К сорок восьмому дню рождения Айвар был хозяином ранчо в Монтане и прибрежной виллы на Таити, но внешне почти не изменился: длинные, пыльные веревки волос все так же болтались по плечам грязного льняного пиджака, на ногах хлюпали черные кроссовки. Он по-прежнему собирал по пути невостребованные мусорные баки и интересовался ломаными велосипедами. В занюханном монтанском городишке, таком маленьком, что некуда даже плюнуть, он купил содержимое ломбарда «Бедный Мальчуган», где среди прочего обнаружилось старое седло со штампом на задней луке «А. Д. Зейцлер и Ко, Силвер-Сити, Нью-Мексико», веревки и пастушьи крюки, полка для журналов с вырезанным на боку кривоногим ковбоем, круглое, обтянутое ячеистой сеткой радио, корзинка с потускневшими серебряными ложками и старый зеленый аккордеон такого несчастного вида, что можно было подумать, будто на него наступила лошадь. Более-менее интересные предметы отправились в лабораторию для оценки и реставрации (таким образом он обнаружил утерянную картину Ремингтона с кавалерийской атакой, а резная полка для журналов оказалась позарез нужна изысканному и экстравагантному Томасу Моулзуорти[314]314
  Хозяин одноименной фирмы, продающей антикварную мебель в западном стиле.


[Закрыть]
).

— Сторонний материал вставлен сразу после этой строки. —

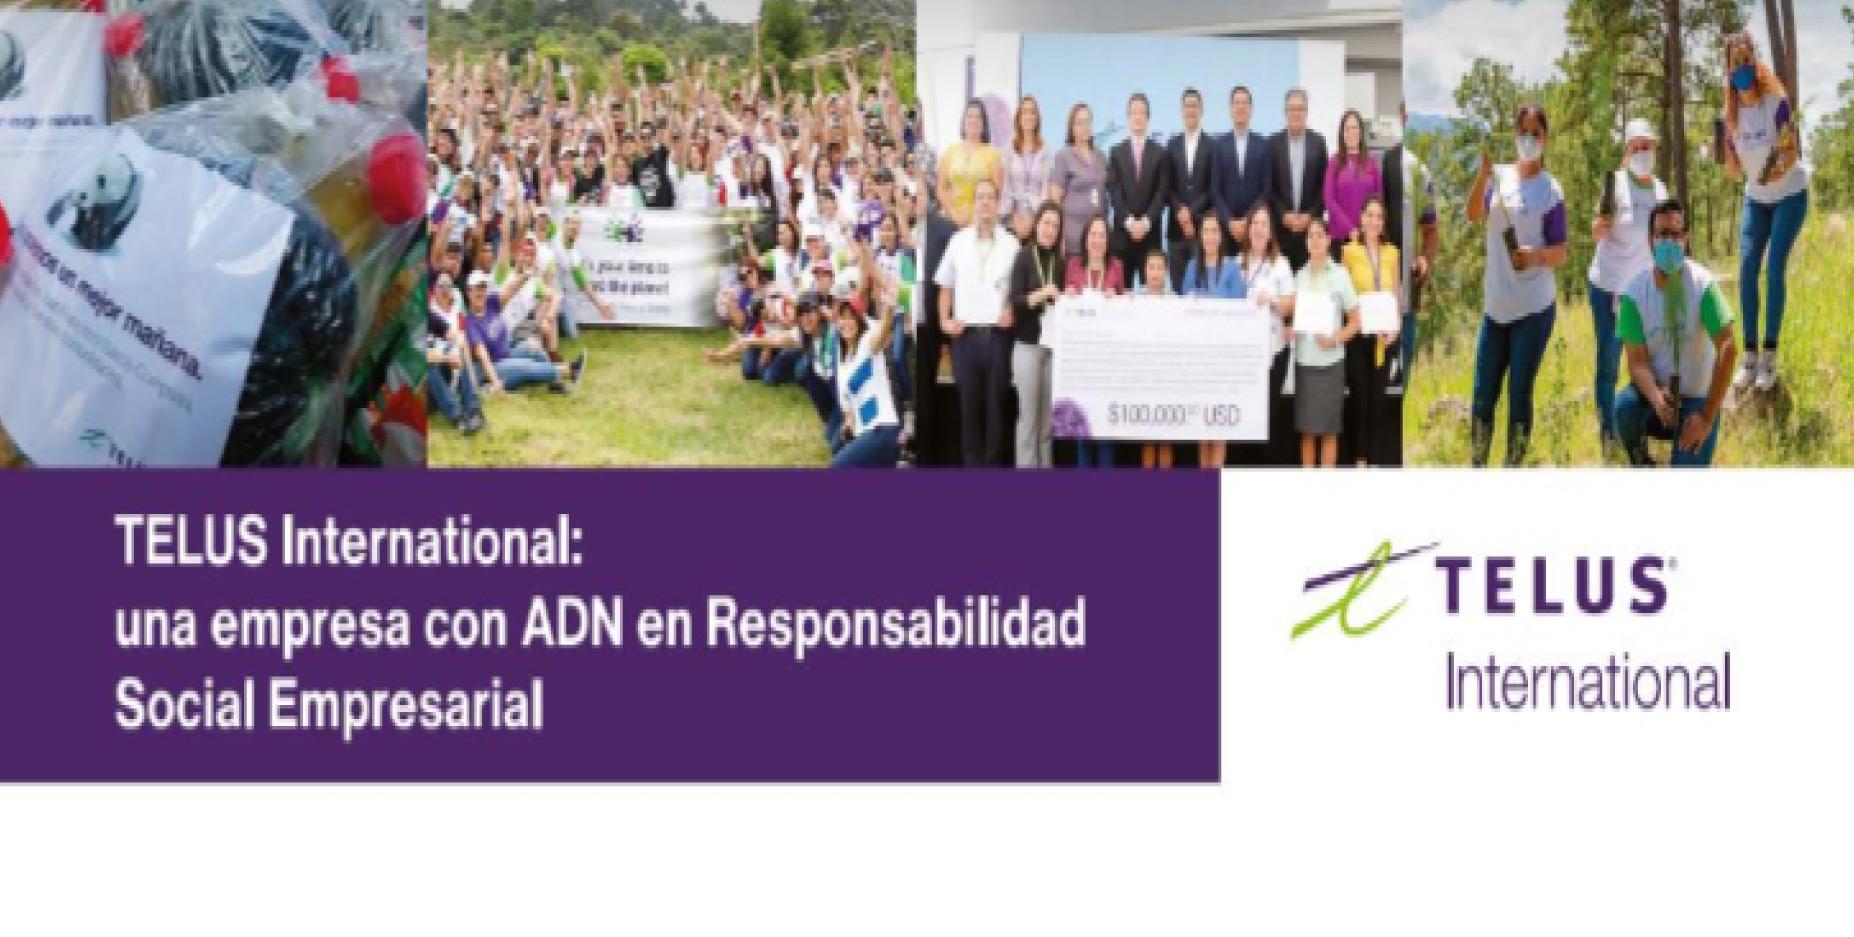 TELUS International es reconocido por Forbes Centroamérica

Старые ложки годились разве что на переплавку, аккордеон же отправился на долларовый прилавок олд-глориевского склада, открытого двадцать четыре часа в сутки, днем и ночью, настоящей Мекки для коллекционеров, способных проехать сотню миль, чтобы вдоволь порыться в мусорных корзинах.

Подземелье

Элиза Хассманн была лишь одной из неправдоподобно большого числа жителей Олд-Глори с диагнозом «рак». Утомляемость в городе заметно превышала среднюю по стране: мужчины по вечерам надолго застывали перед телевизорами, женщины шатались на рабочих местах и клевали носом в автобусах. Встревоженные чиновники от здравоохранения катались по окрестным фермам, брали пробы почвы, воды и воздуха, проверяли местную кукурузу и свиней. Кому-то пришло в голову исследовать известняковые пещеры, что прятались глубоко под черной землей. Люди годами жаловались на низкий подземный гул, который в разное время года превращался то в нескончаемый скрежет, как будто, по утверждению прихожан-пятидесятников, там катился в ад бесконечно длинный подземный поезд, а то в резкие завывания, похожие, по мнению доморощенных историков, на гуляющий в подземных казематах ветер. Штат прислал в город женщину-геолога, которая, в свою очередь, выписала команду ученых с непонятными приборами; они-то в результате и сообщили, что действительно, из пещер вырывается низкочастотный звук – мощная вибрация, семнадцать циклов в секунду, дополнительный обертон семьдесят циклов в секунду и еще пульсация с гораздо более высокой частотой, причина неизвестна, и явление, безусловно, представляет собой загадку природы. В довершение ко всему, в пещерах обнаружили опасно высокий уровень радона, который и проникал в подвалы Олд-Глори. Город лихорадочно распродавал дома и разъезжался. Недостроенные прямоугольные скелеты отбрасывали трудноразличимые тени, а кучи кирпичей и песка зарастали травой.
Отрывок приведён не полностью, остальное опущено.